櫻井は「原作がとても面白くて、引き込まれる。万華鏡のような、角度を変えながらいろいろな輝きを感じられる作品だと思って。ドラマとしても少しずつ見える角度が変わっていく作品になっていけたらと思っているので。話が進んでいく中で、早見先生にも、視聴者の方にも楽しんでいただけるような作品を届けていければ」とコメント。続いて水川は、「物語の中で道上はストーリーテラー的な役割だと思っている」と言い、「生の人間が動いてセリフをしゃべっているという、先生が書いたすばらしい小説から違う角度で、お話の奥行きが出せるように頑張ります」と力を込める。

2人の言葉を受けて早見和真氏は「ドラマでは、生身の道上が2人のモンスター(清家、鈴木)に挑んでいく構造だと僕は捉えています。小説にない道上のバックボーンを楽しみに見たいと思います」とドラマ版での新たな視点に期待を寄せる。さらに、「実はタイトル候補に『笑う万華鏡』があったんです」と明かすと、自身も“万華鏡”という表現をした櫻井は、「すごい! そういう作品だということですよね。鳥肌が立ちました!」と驚いていた。さらにここで、1話には早見氏がゲスト出演していることも明かされた。

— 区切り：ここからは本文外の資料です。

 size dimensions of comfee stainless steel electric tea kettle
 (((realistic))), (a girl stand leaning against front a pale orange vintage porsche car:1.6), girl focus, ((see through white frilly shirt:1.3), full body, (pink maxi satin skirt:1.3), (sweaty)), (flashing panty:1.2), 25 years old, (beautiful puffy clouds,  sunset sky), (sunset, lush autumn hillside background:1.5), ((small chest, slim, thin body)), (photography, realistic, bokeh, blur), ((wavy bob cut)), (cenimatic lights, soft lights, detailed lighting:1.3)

また、撮影現場に訪れた際、「ヨイショでなく水川さんがすごいなと思った」という早見氏。「どこにいても水川さんがあそこにいるなと気配を感じるし、空気を作るのがお上手で、生身の水川さんがそこに立っている。座長という感じがしました」とその佇まいに賛辞を贈ると、水川は、「そのままでいます。声に特徴があるので、スタッフさんからもどこにいるか分かるとよく言われます」と恐縮。玉山は「水川はくしゃみにも特徴がある」と言い、撮影現場でも大きなくしゃみをして、「どこに銀幕スターが来たかと思った」と、その存在感を発揮していたと笑わせた。

そして会見の最後に、視聴者に向けてそれぞれメッセージを届けた4人。早見氏は「原作を書くにあたって、1行目からは想像もできないエンディングに読者をお連れしたいという気持ちを込めた作品です。ドラマ版もその部分を共有してくれると思いますので、最終回までついてきてもらえたら」と述べ、櫻井は「魅力的な役柄を演じる機会をいただいて光栄に思っています。毎日充実感を持って撮影に臨んでいます。僕は今まで謎を解く役や事件を解明する役が多くて、謎に包まれた人物を演じるのはほぼ初めてだと思います。そういった部分も楽しんでいただけたらと思います。マトリョーシカを開けていくような、扉を開けていくような引き込まれるお話が続いていきますので、最後までお付き合いいただけたらと思います」と視聴を呼び掛ける。

玉山は「先生がおっしゃったように、人間の生々しさやえぐみが絡まった作品。上質のエンターテインメントとして楽しんでいただけると思います」とアピールし、水川は「信頼する2人の役者とスタッフと日々力を合わせて撮影しています。清家の本当の顔の裏側には何があるのか、鈴木の今と過去とそれを取り巻く人物との関係性は何なのか、そこがこのドラマの一番重要で面白いポイント。道上の目線で描かれていますが、彼女の目線が見てくださる皆さんの目線でもあると思うので、最後の最後の真相に一緒にたどり着いていけたらいいなと思います」と役柄をまっとうすることを誓った。